In the console tree, click Password Settings Container.
Where?
- Active Directory Users and Computers\domain node\System\Password Settings Container.
In the details pane, right-click the PSO, and then click Properties.
Click the Attribute Editor tab.
Select the attribute whose setting you want to view or edit, and then click View (for editable values) or Edit (for read-only values).
Note
If you do not see attributes whose settings you want to view or edit, click Filter to customize the list of attributes that is shown on the Attribute Editor tab.
Note
To view or edit the msDS-PSOAppliesTo attribute, click Filter, and then click Show attributes/Optional. Clear the Show only attributes that have values check box.
Modifying PSO precedence
To modify PSO precedence using the Windows interface
Open Active Directory Users and Computers. To open Active Directory Users and Computers, click Start, point to Administrative Tools, and then click Active Directory Users and Computers.

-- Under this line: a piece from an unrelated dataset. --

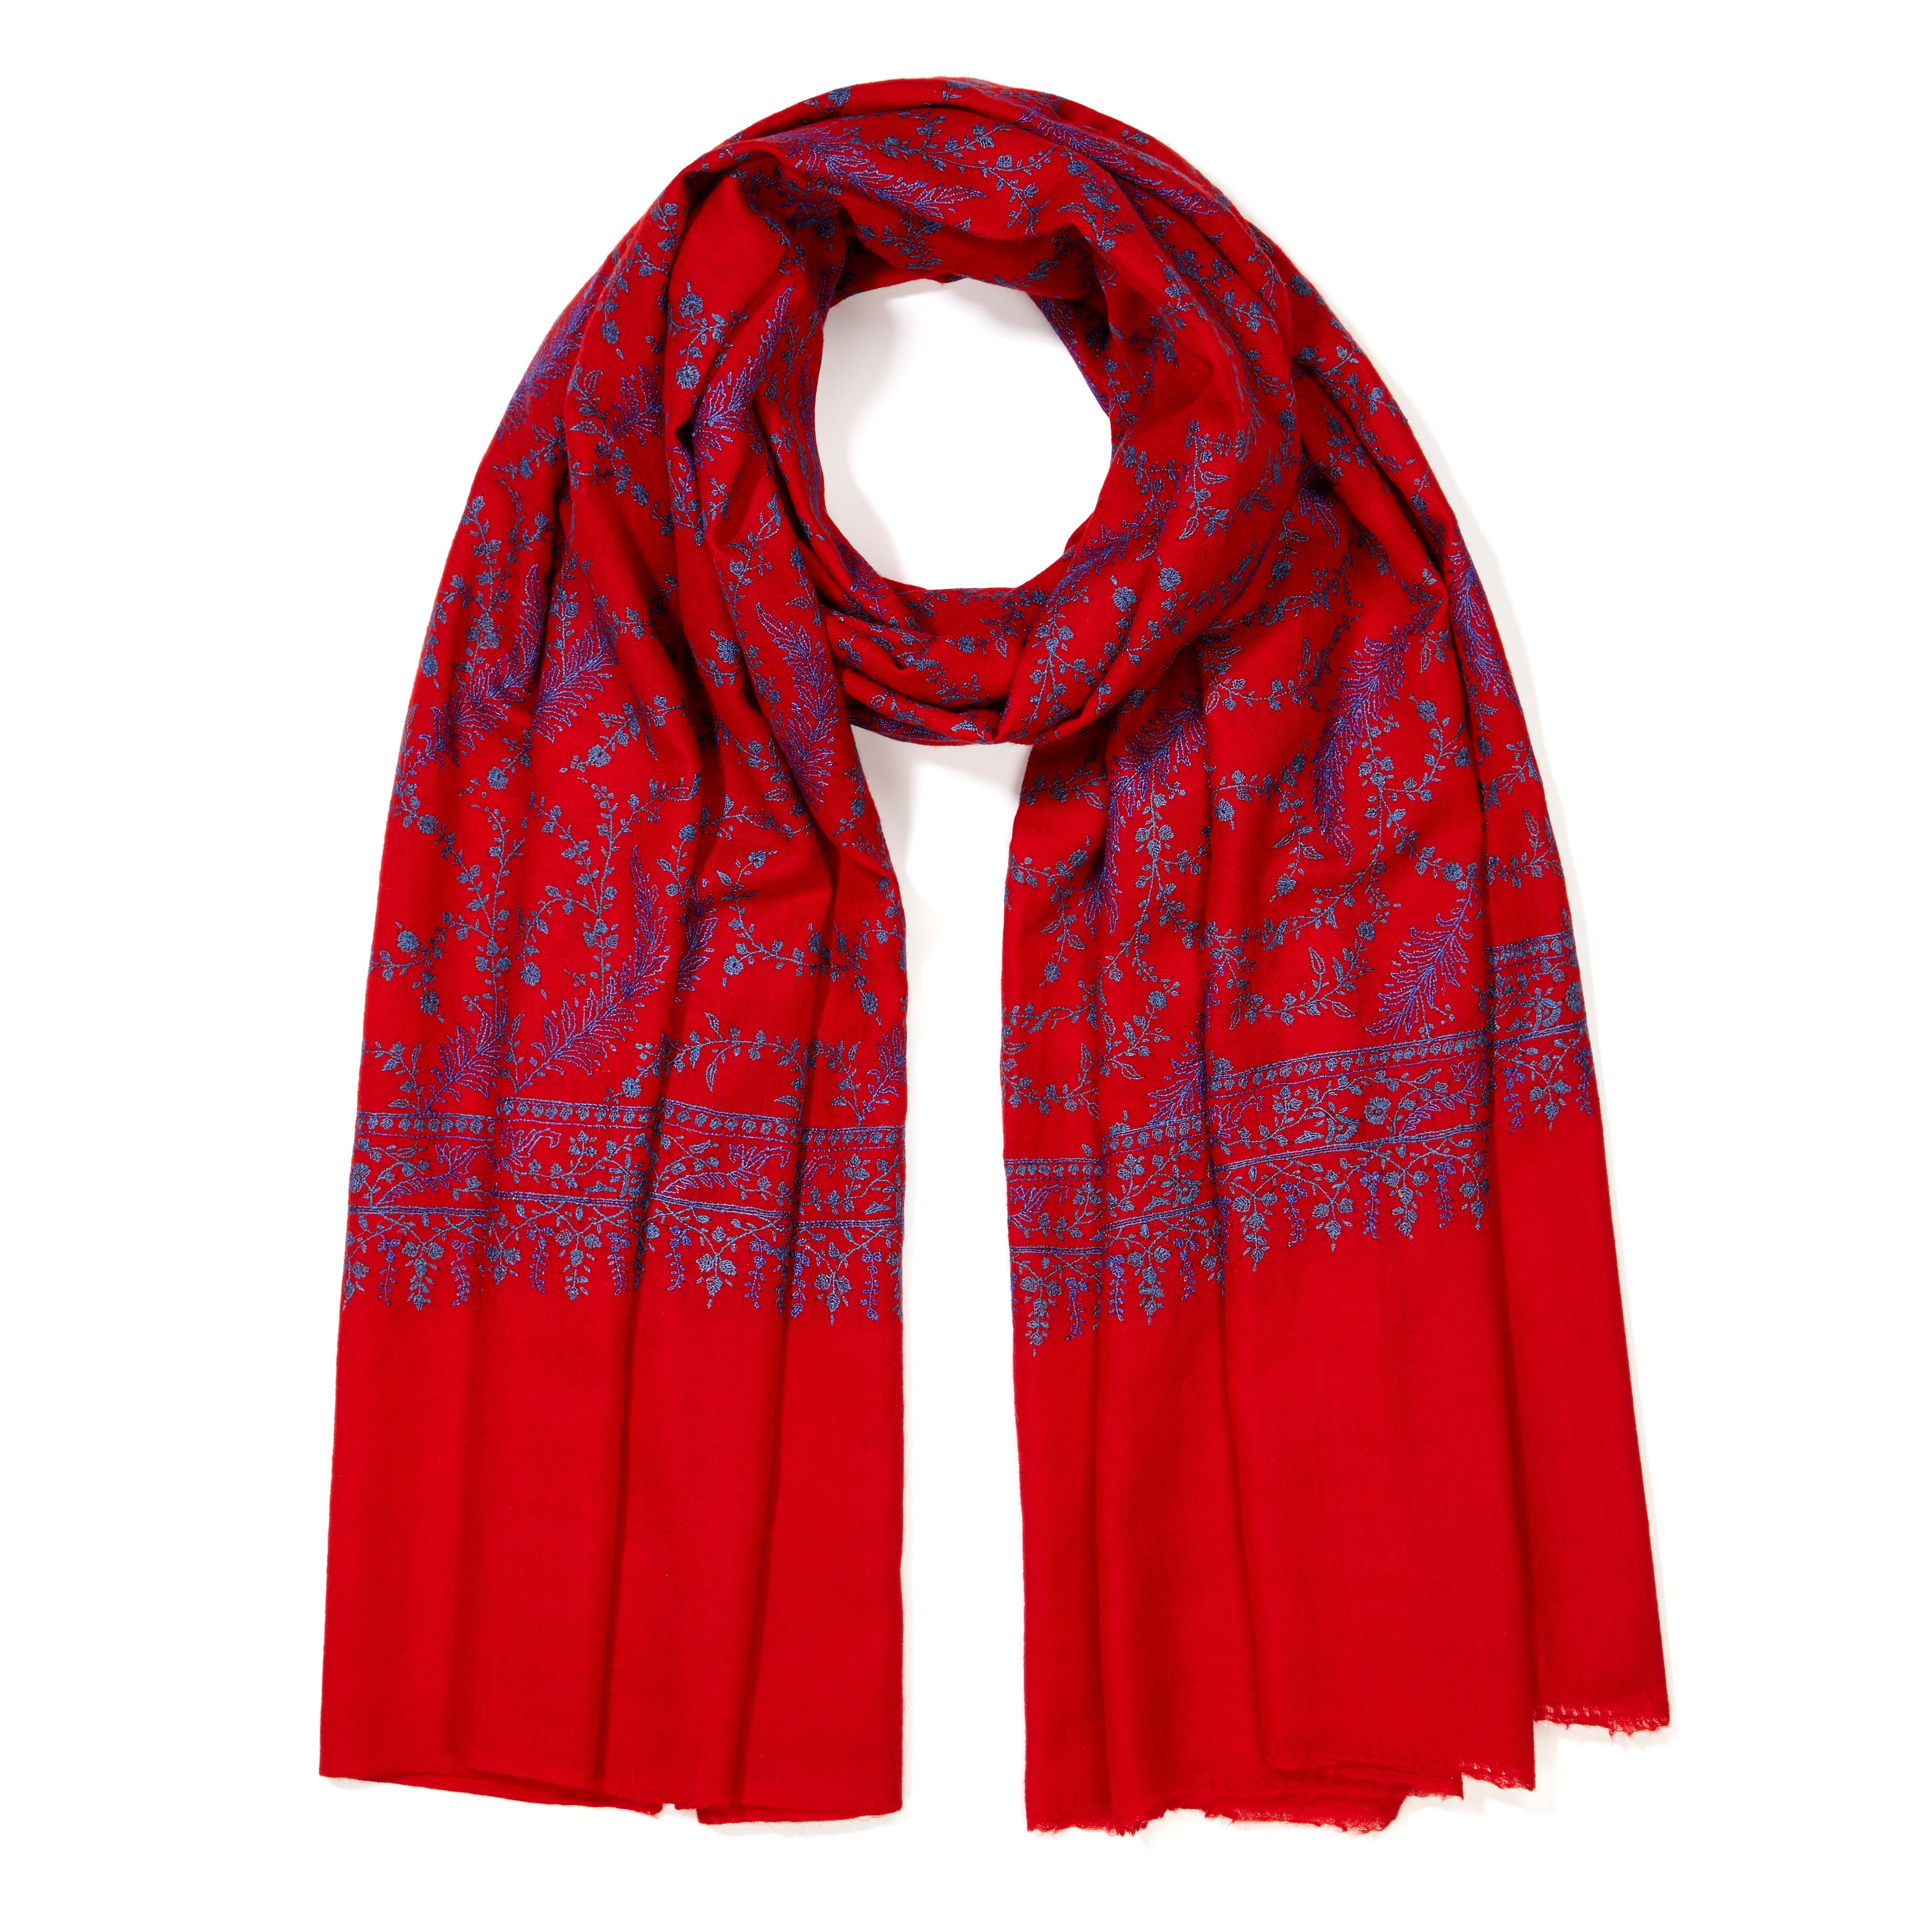 Women's or Men's High Quality Hand Embroidered 100% Cashmere Shawl in Red & Blue  For Sale

On the View menu, ensure that Advanced Features is checked.
In the console tree, click Password Settings Container.
Where?
- Active Directory Users and Computers\domain node\System\Password Settings Container
In the details pane, right-click the PSO, and then click Properties.
Click the Attribute Editor tab.
Select the msDS-PasswordSettingsPrecedence attribute, and then click Edit.
In the IntegerAttribute Editor dialog box, enter the new value for the PSO Precedence, and then click OK.